Both Maheshwari and Chinthamani give birth to baby boys. Santhamoorthy plans to kill Maheshwari's baby, but Chinthamani interrupts and saves the baby. During the fight, Chinathamani falls from a mountain and dies in the process of saving Maheshwari's baby. Maheshwari now realises Chinthamani's kind heart. Murugesan and Maheshwari take care of both the babies now. Santhamoorthy also realises his mistake and bonds with Murugesan.

== Soundtrack ==
Soundtrack was composed by Deva.

| Song | Singers | Lyrics |
| Vaazhavaikkum | Sabesh, Krishnaraj | S. P. Rajkumar |
| Chithiraye | Hariharan, Anuradha Sriram | Kamakodiyan |
| Vennila | P. Unnikrishnan, Sathya |
| Naaladi Aaru Angulam | Vadivelu | 'Karupur' Ramu |
| Pattampoochi | Mano, Anuradha Sriram | Kalaikumar |
| Aadiya Aattam | Deva |

== Critical reception ==
S. R. Ashok Kumar of The Hindu wrote "The director must have taken care to give sufficient reason to get his protagonist involved with another woman, a day before his marriage. But the justification given for this and also for a couple of other reactions, are not acceptable". Malini Mannath of Chennai Online wrote "The plot did have the potential to make it an engaging entertainer. But the problem is that the director couldn't really decide as to what type of treatment he should give his plot. Whether it should be in the genre of a comedy or a melodrama, of a family sentiment or of a saga of a family feud. So he makes a hotchpotch of the whole thing, and it does not help matters". Visual Dasan of Kalki wrote Vadivelu's comedy is the only thing that makes us sit and watch the film. Cinesouth wrote "Director Rajkumar has made the most of an ordinary story.
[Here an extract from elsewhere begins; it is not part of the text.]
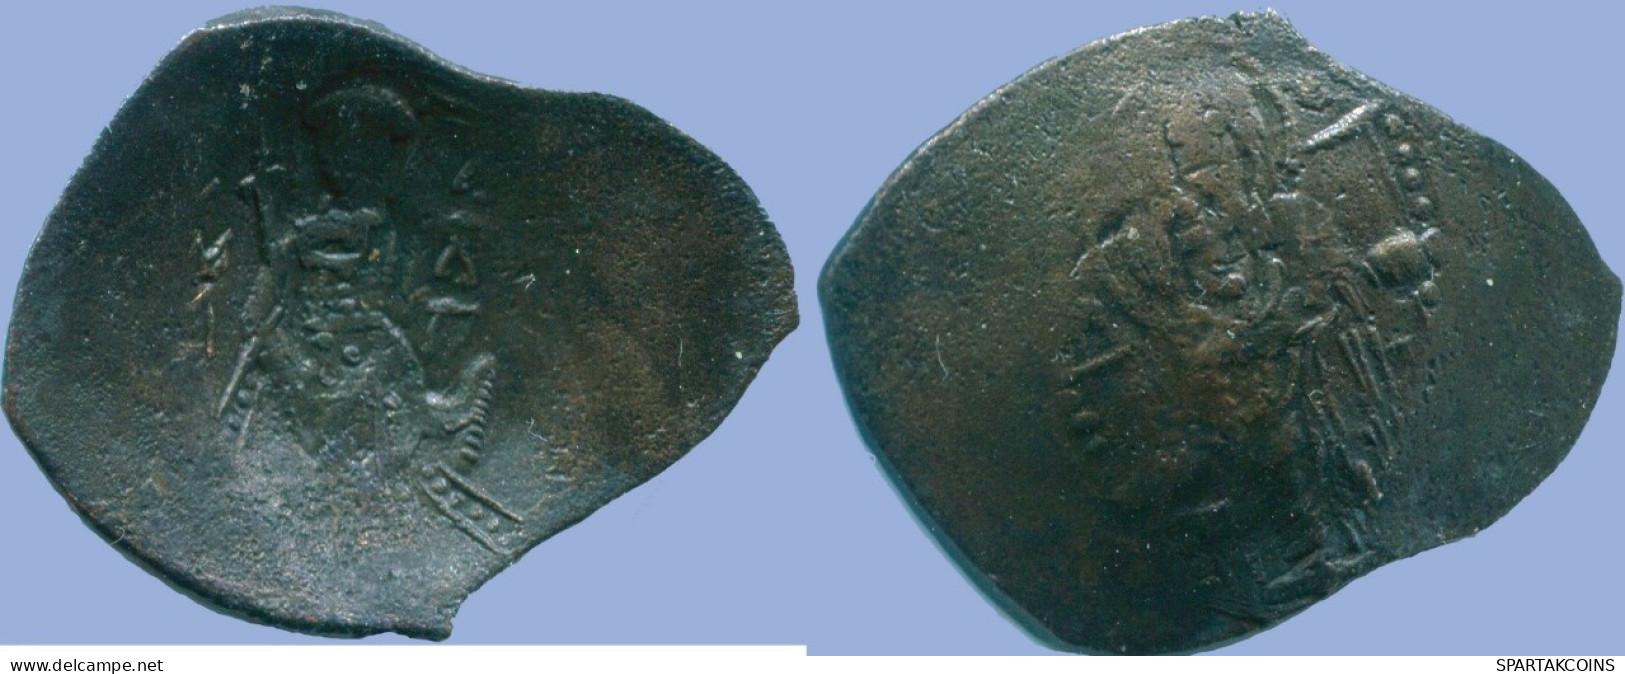 TRACHY BYZANTINISCHE Münze  EMPIRE Antike Münze2.99g/29.01mm #ANC13500.13.D.A - Byzantinische Münzen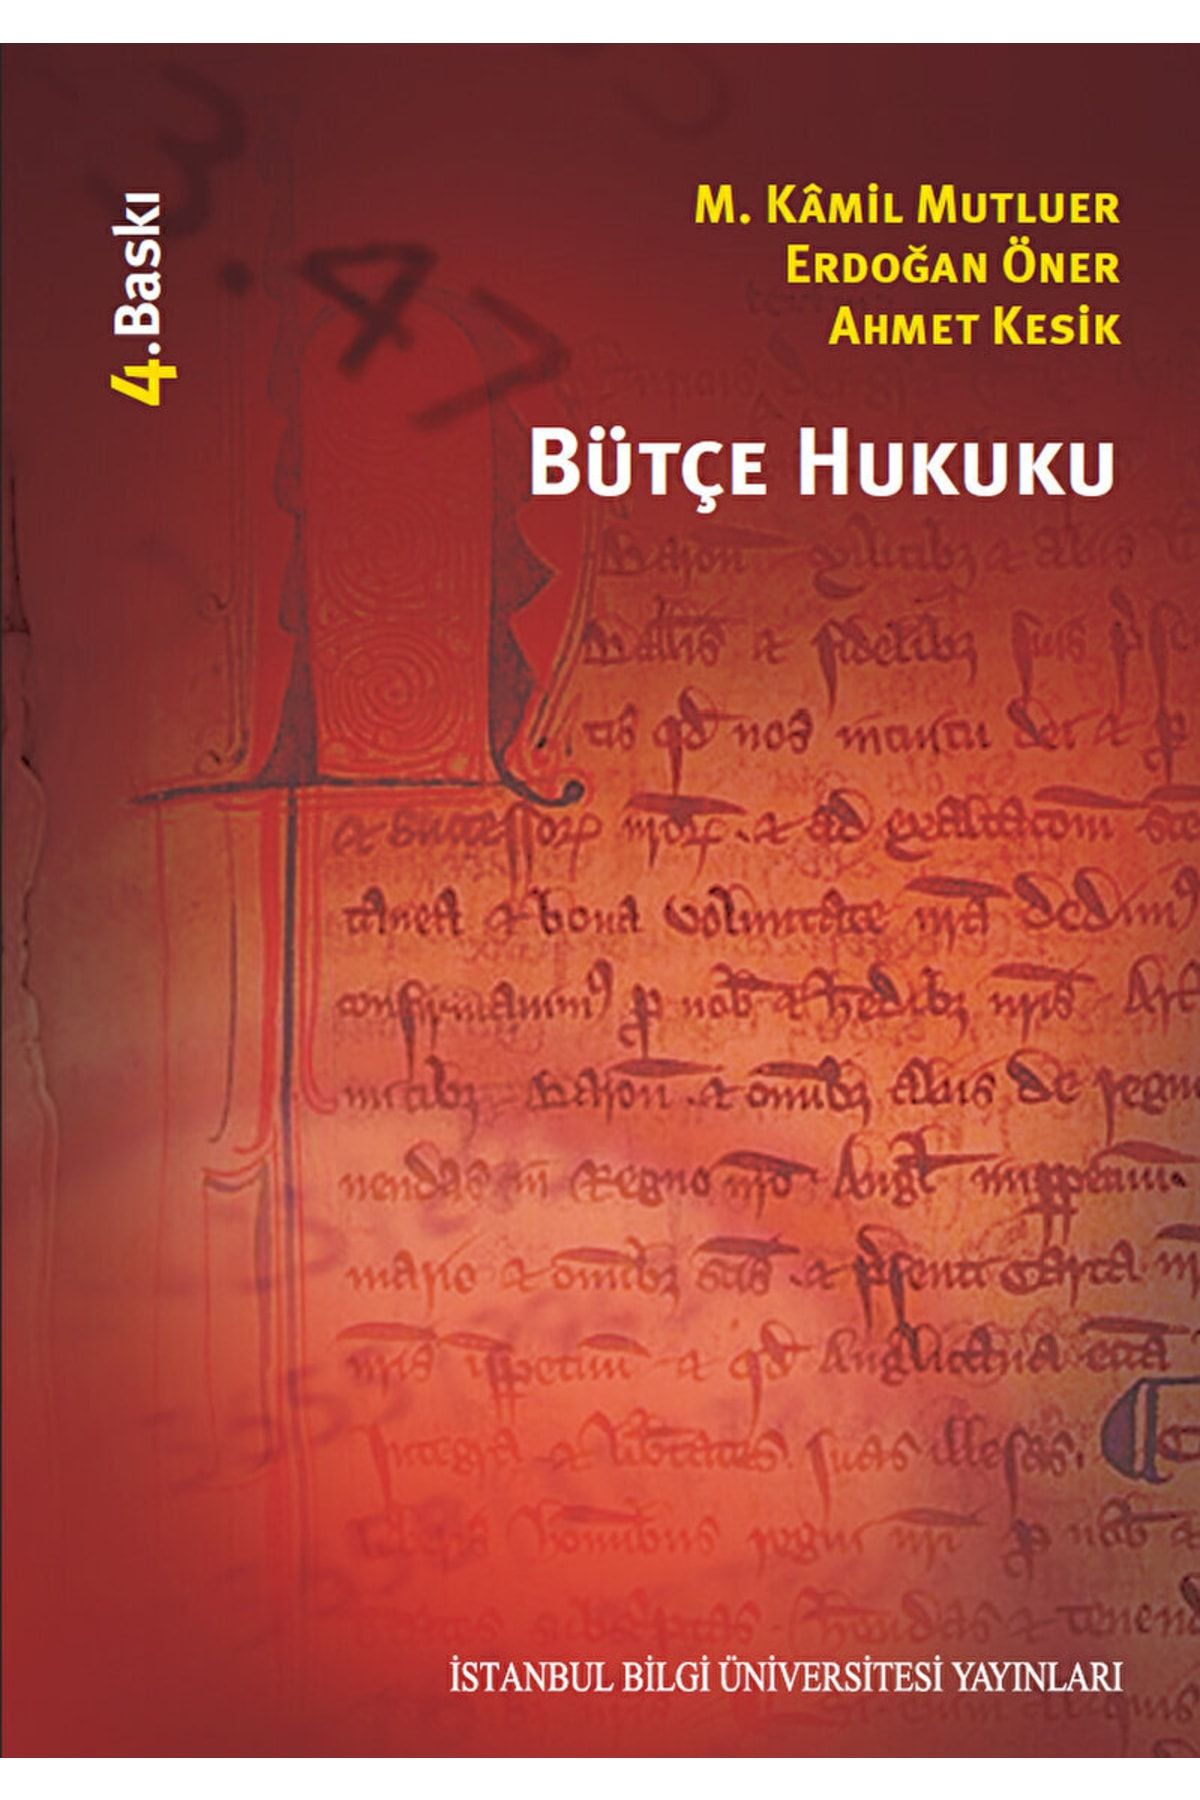 İstanbul Bilgi Üniversitesi Yayınları Bütçe Hukuku / Ahmet Kesik / 3. Baskı

He can take pride in creating certain lively scenes and catchy dialogues. Though he has sustained the tempo of the film in the first half, he has a fall in the second half as his concentration had drifted away by then. Thereby, the story becomes somewhat dull in the end. However, 'En Purushan Kuzhandhai Madhiri' is a clever child".